2. It never reports values other than by a factor of 10, which means it only reports whole degrees C. It will never report 50.2 C, etc.
3. Because of #2, if you put it in F mode, there are certain temps you will never see, this drove me nuts as I was trying to debug it and figure out what it was sending. It always reports in C and then just converts to F, and because it doesn't do fractions and rounds, you will never see 76,78,80,83,85,87,89, etc. In fact this means to some extent it makes it less accurate in F mode because there are times where it jumps 2 degrees. Let's talk temp range we care about
You will see 225,230 (but never 224,227,229)
you will never see 240 (but will see 239,241)
you will see 250 (but never 249,251) - this is one of the "bad ones", the 3 temps you get in F mode are 248,250,252.
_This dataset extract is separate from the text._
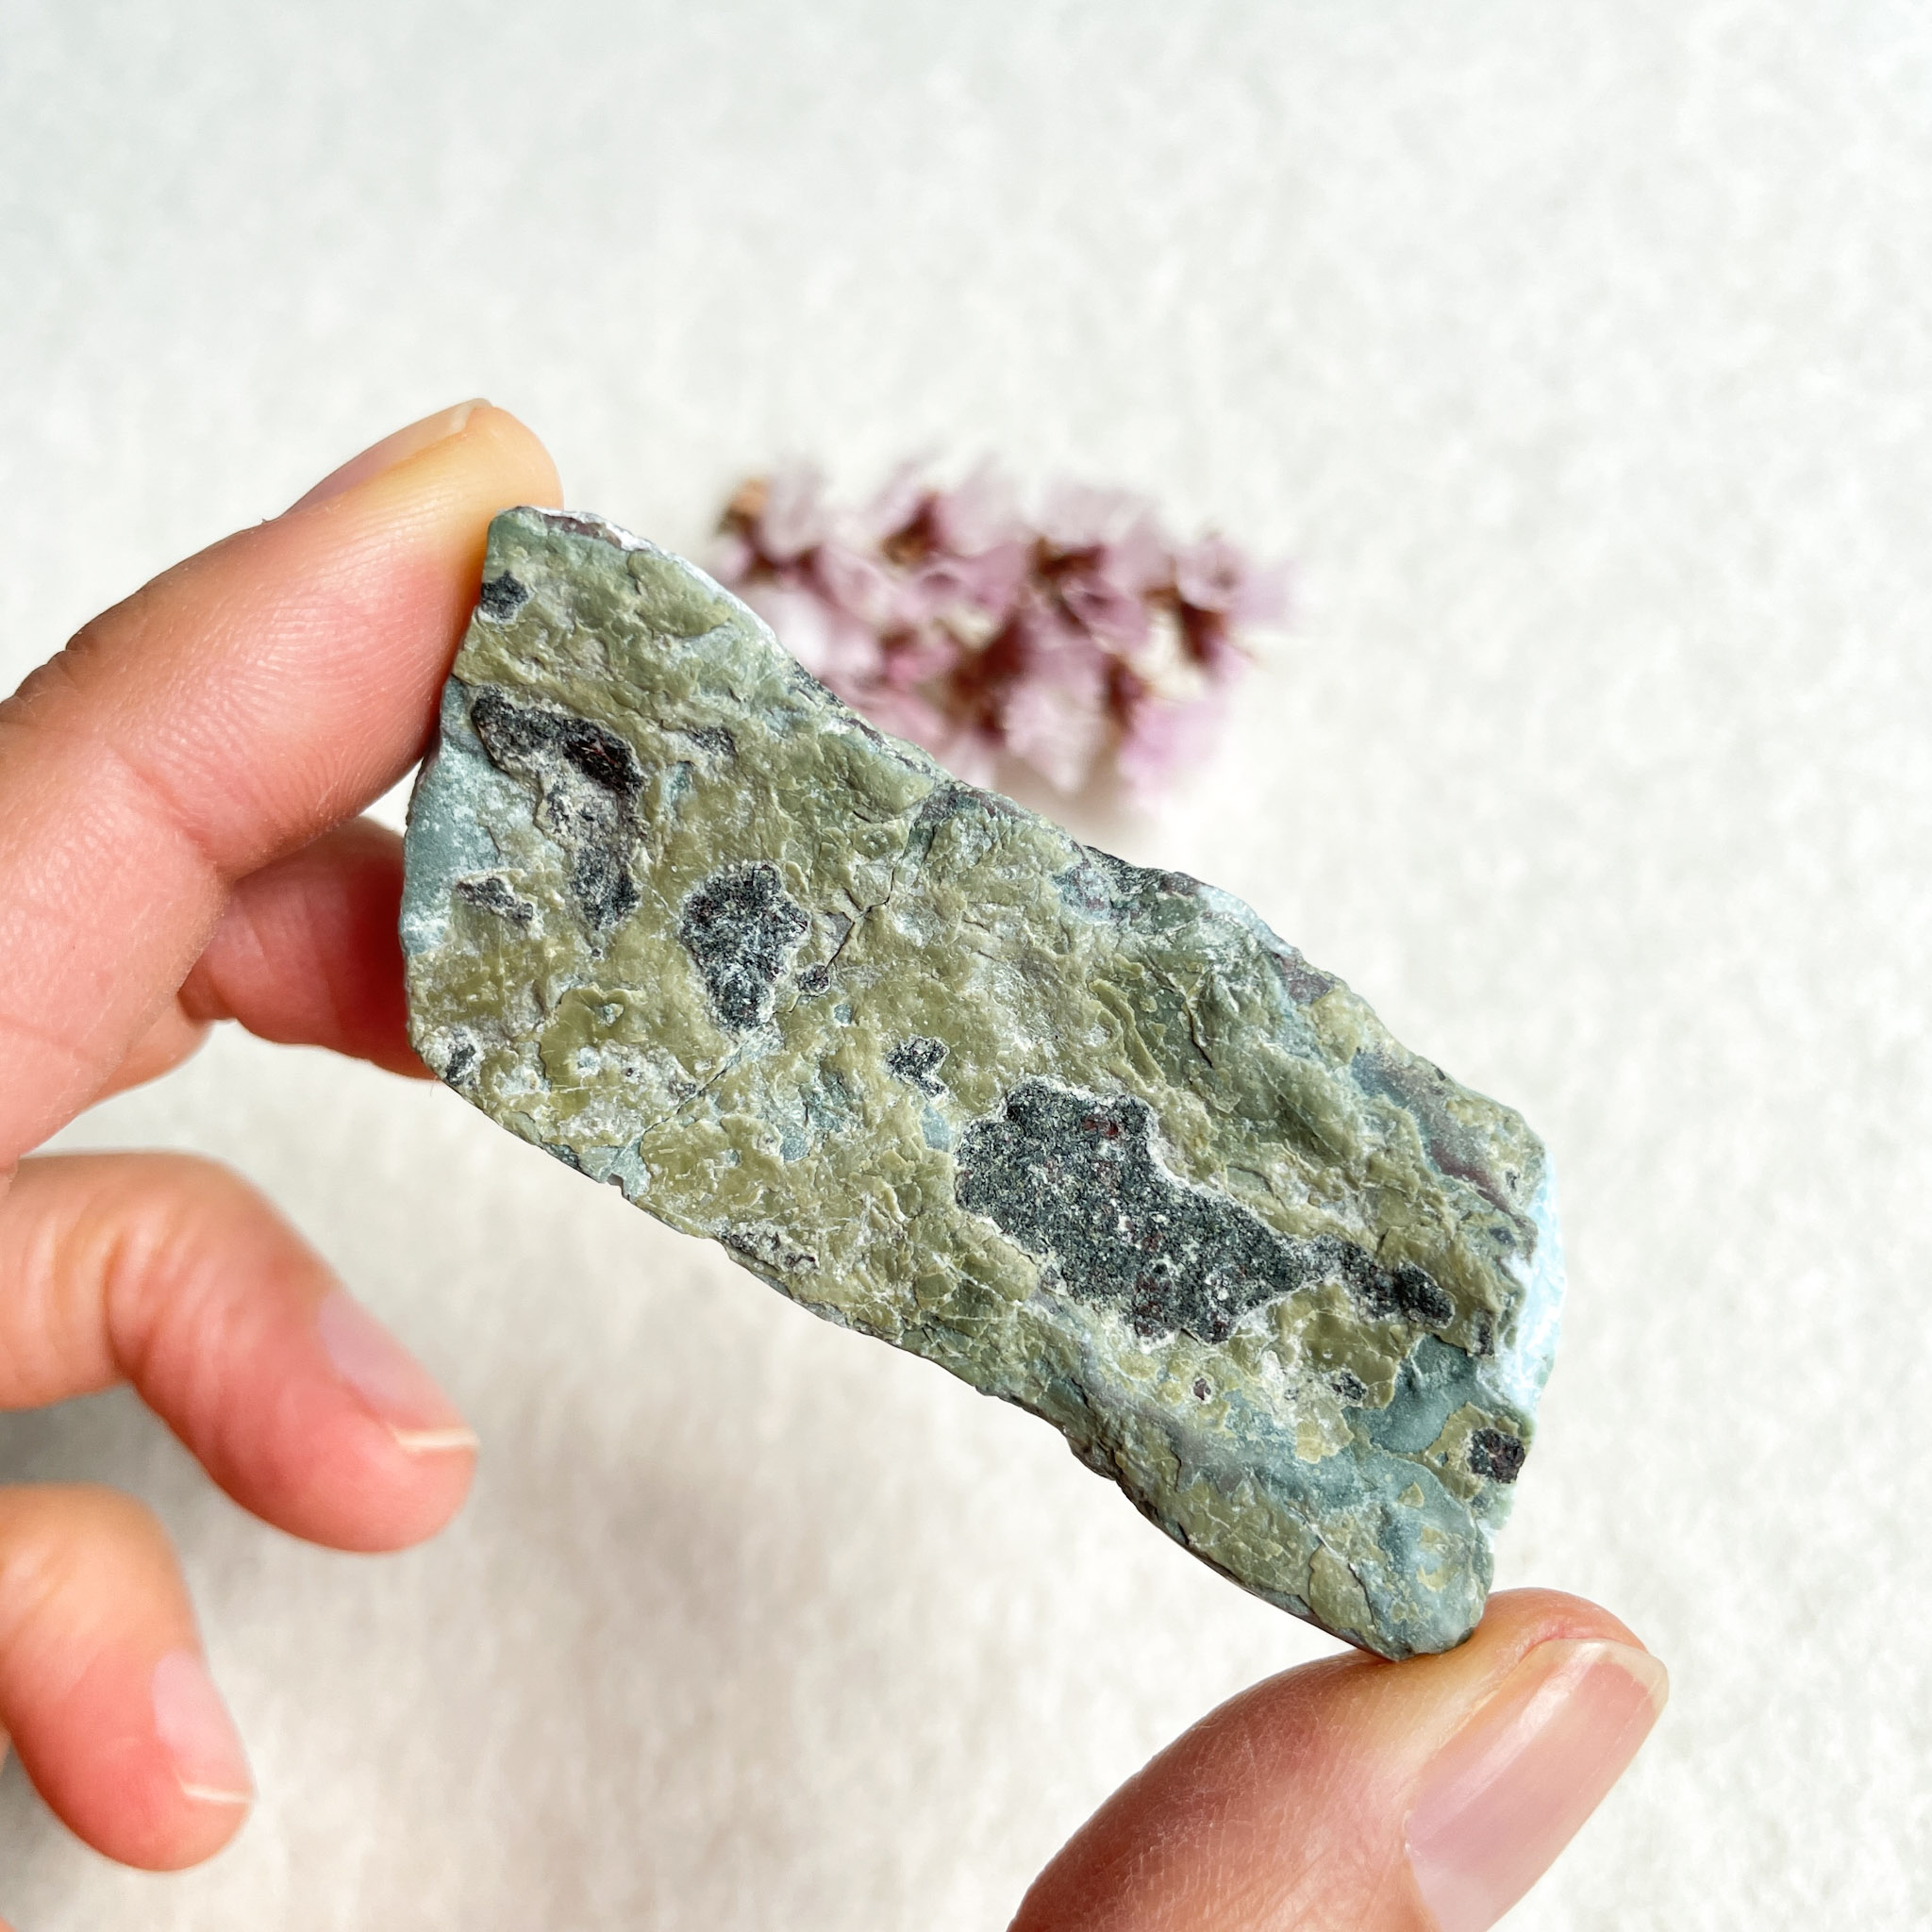 A person holding a slab of green and black rock with small, pink crystal formations in the blurry background.

I know that isn't a big deal in terms of smoking, but if you are a gadget geek with a PID that holds to 1 degree, then it might bug you that you can't hit that same # of this.
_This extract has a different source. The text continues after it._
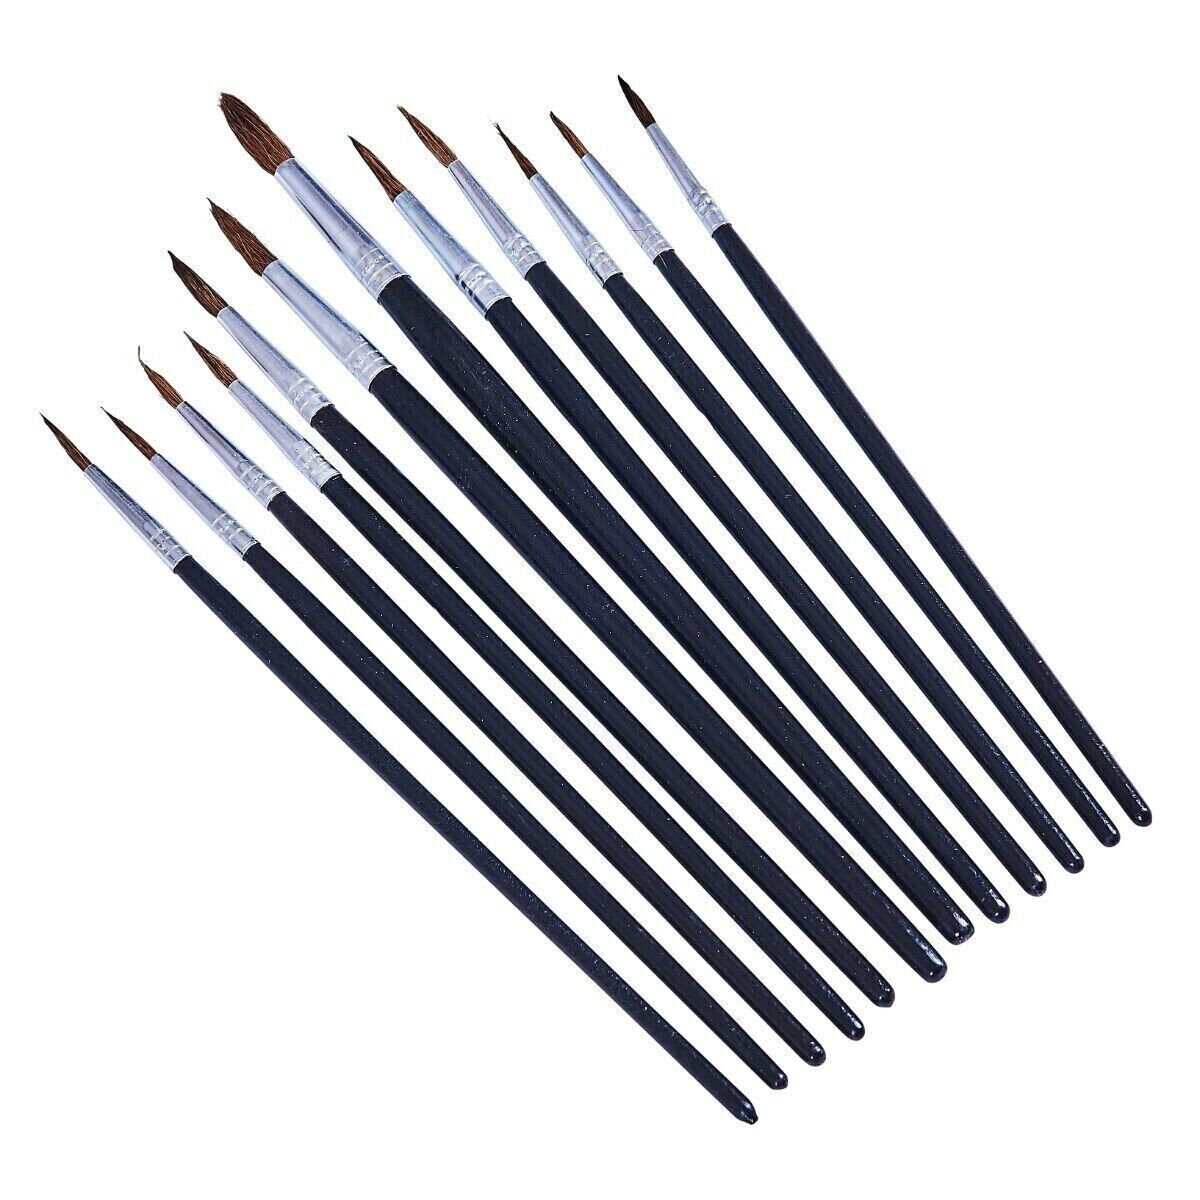 Fine Tip Paint Brush 12 Pk Micro Brushes for Detail Painting Miniature  Models & Polyresin Figurines, Watercolor, Acrylic, Model Art Crafts

So armed with that info I set out to try to read the device myself, and I have somewhat done it. Their app does some type of "authorization" that activates the device, if I try to connect to it directly, after a bit it disconnects me. So I haven't been able to eliminate their app, but as long as their app is running, I can "eavesdrop" on the conversation and get the value of all 6 probes back, which means I can then send them to the "cloud" and create my own smoke data store, graphs etc.
If there is a blue tooth / hardware geek on the group that wants to look at what I have done and see if they can figure out what the initial handshake is that their app is doing, so that part could be eliminated, just PM me.
Here's a screen shot of my little proof of concept app reading 2 probes. I know best screen design ever, right! :-)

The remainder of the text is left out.